Dimanche soir, la cuisine est enfin silencieuse. L'un des deux s'assoit avec le sentiment d'avoir géré des choses tout le week-end, et le dit presque malgré lui à voix haute : « J'ai l'impression d'en faire plus que toi. » L'autre lève la tête – et à la même seconde éprouve un ressenti tout aussi fort, mais inverse. Après tout, lui aussi a réglé des choses toute la journée. Et voilà que démarre le manège bien connu : « Et hier ? », « Et qui est-ce qui toujours… ? », « Moi au moins… ». Une demi-heure plus tard, deux personnes vont se coucher, chacune convaincue d'avoir raison – et toutes deux plus fatiguées qu'avant.

Cette dispute a une caractéristique traître : elle ne se gagne pas. Non parce que quelqu'un ment, mais parce qu'un ressenti s'oppose à un ressenti. Et un ressenti est toujours vrai pour celui qui l'éprouve.

Le problème n'est pas de savoir qui de vous deux a raison. Le problème, c'est que vous vous disputez dans deux langues qu'on ne peut traduire l'une dans l'autre.

Pourquoi le « ressenti » est une mauvaise preuve

Chacun de nous voit le mieux son propre travail. On se souvient précisément du nombre de fois où l'on s'est levé de table, de ce qu'on a géré dans la journée et de ce que ça a coûté – et de presque rien de la même chose chez l'autre. Pas par méchanceté : simplement, on était présent à sa propre corvée, et pas à la sienne. Les psychologues appellent cela le biais de disponibilité – ce qu'on a vif en mémoire nous paraît plus grand et plus important que ce qu'on n'a pas vu.

C'est justement pour cela que les deux partenaires sont souvent sincèrement certains de porter la plus grande part. Ils ne peuvent pas avoir raison en même temps – mais ils peuvent avoir en même temps une image tout aussi incomplète. Et deux images incomplètes ne se combinent jamais en un seul accord. Tant qu'on parle d'impressions, chaque phrase sonne comme une accusation et chaque réponse comme une défense.

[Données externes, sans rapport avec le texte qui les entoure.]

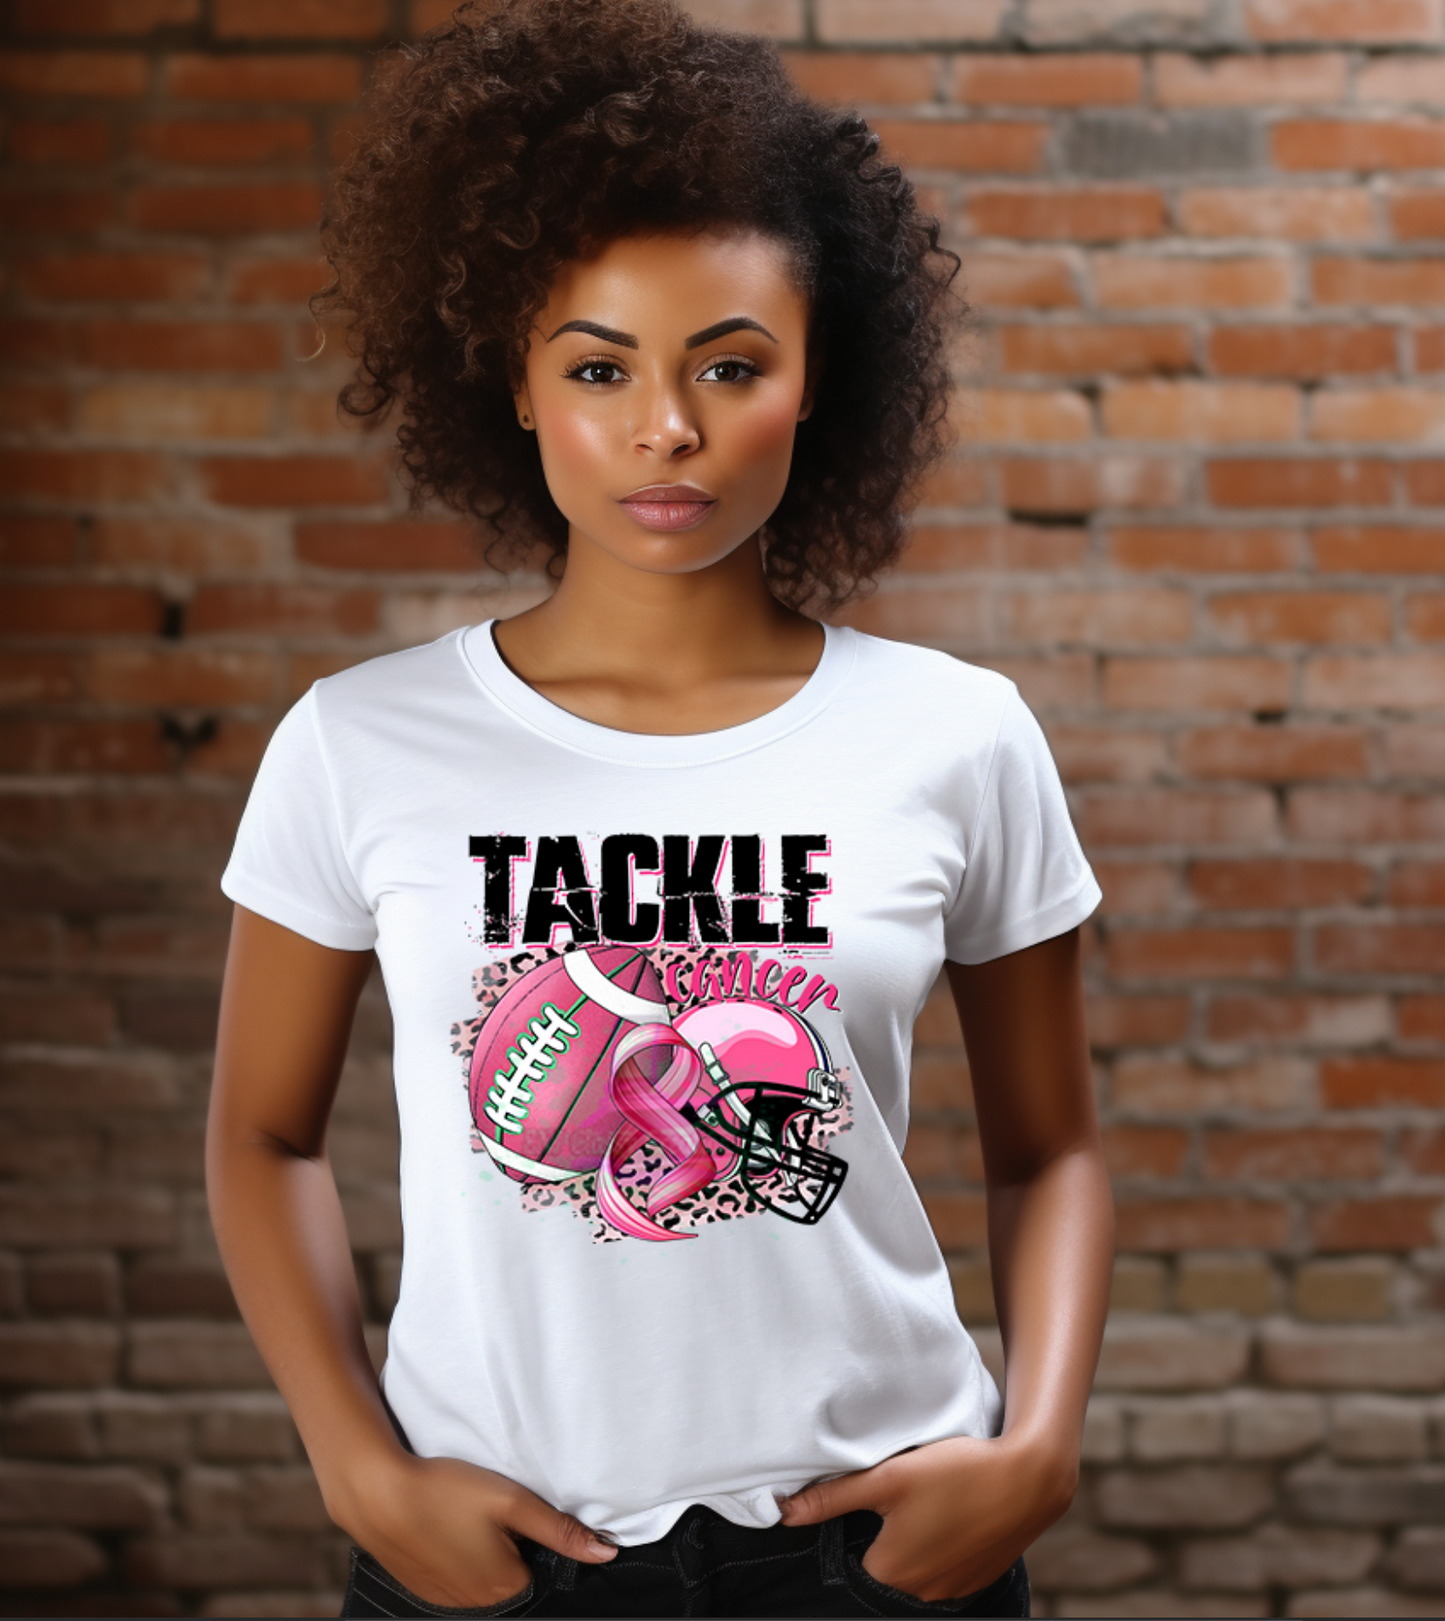 Tackle Cancer Shirt

Ce qui se passe quand vous posez une carte sur la table

Imaginez qu'au lieu de deux ressentis, vous ayez devant vous une seule chose que vous regardez tous les deux en même temps – la liste de tout ce qu'implique réellement le foyer, et pour chaque élément, qui le planifie et qui l'exécute. Soudain, la conversation se retourne. Ce n'est plus « toi contre moi », mais « nous deux contre cette liste ». Vous êtes assis du même côté de la table et vous regardez dans la même direction.

C'est tout le sens de la carte : elle ne détermine pas qui est la meilleure personne. Elle montre seulement où se trouve la charge en ce moment. Et de quelque chose que vous voyez tous les deux de la même façon, on peut enfin parler sans que ça dégénère en démonstration.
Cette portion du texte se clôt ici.